The canvas chairs were set on the stoop. There were glasses and a bucket of ice and jugs of frosted rainwater on the cane table, and Wee Georgie, with tender care, was cutting the seal of a new bottle of Scotch.
He looked up as Sonderfeld mounted the steps, and his bloated face was distorted into a smile that displayed his gapped and rotten teeth. His voice was a piping cockney, incongruous in so large a man.

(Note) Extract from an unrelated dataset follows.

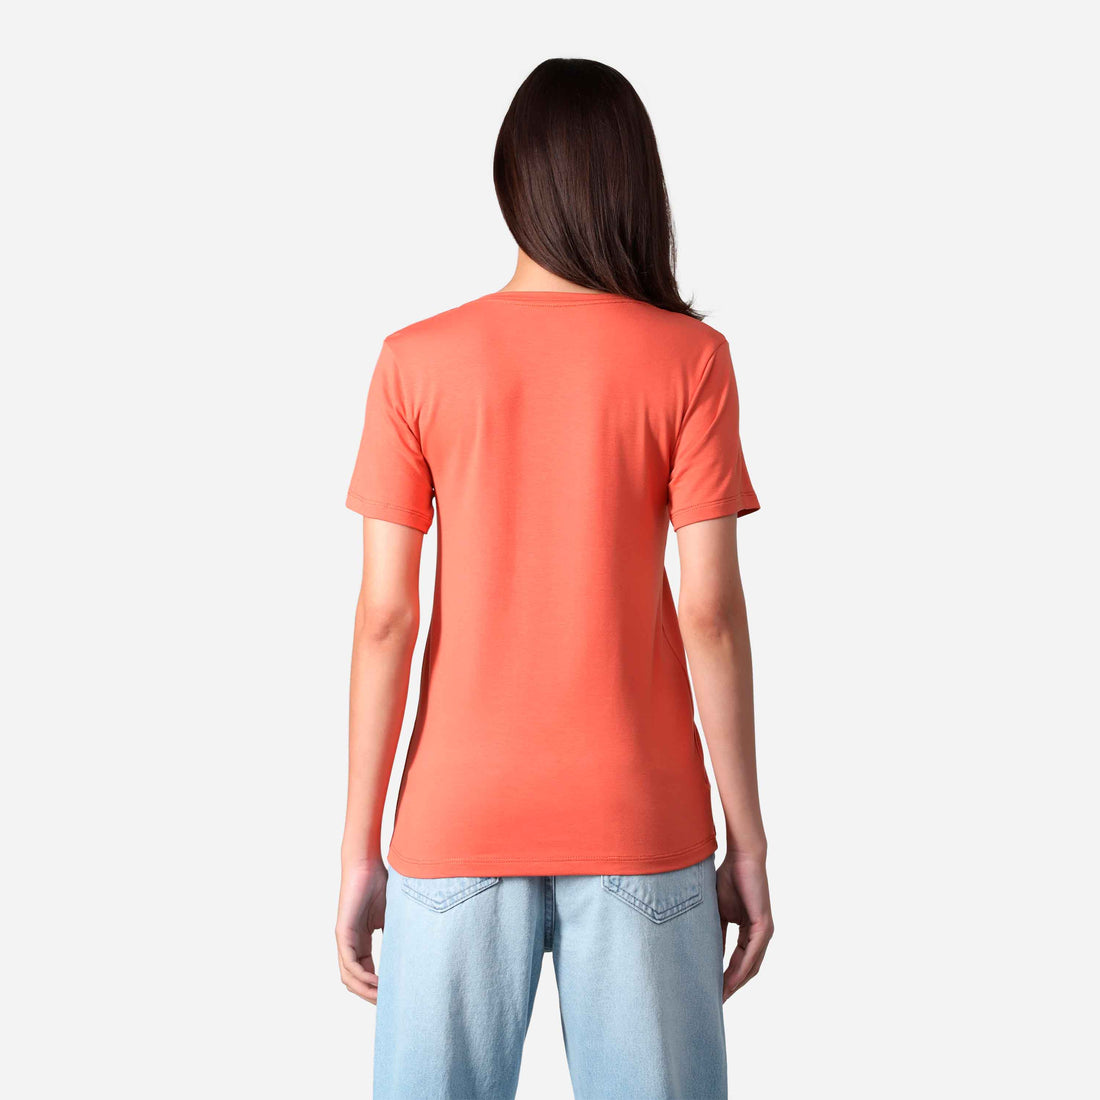 Camiseta Algodão Premium Gola V Feminina | Everyday Collection - Marrom Telha

“’Arf a minute, boss, and we’re all set for the party. Care for a pipe-opener?”
“In a moment.”
Sonderfeld surveyed him with weary distaste. Wee Georgie was one of his less successful enterprises. He was a head shorter than Sonderfeld, but his stumpy body was monstrous. His tousled head was set on two rolls of blubber, his breasts were pendulous as a woman’s and his belly was an obscene barrel scarcely covered by his shirt. His trouser belt slipped under it like string round a rubber ball. His bowlegs were knotted with blue veins and discoloured by ulcer scars. His misshapen feet were thrust into canvas shoes slit at both sides for comfort. When he laughed, which was often, he quaked like a jelly and his eyes were lost in the folds of his purple face. When he moved—which was as little as possible—he wheezed like a broken-winded nag.
“For God’s sake, man, why don’t you tidy your hair?” snapped Sonderfeld.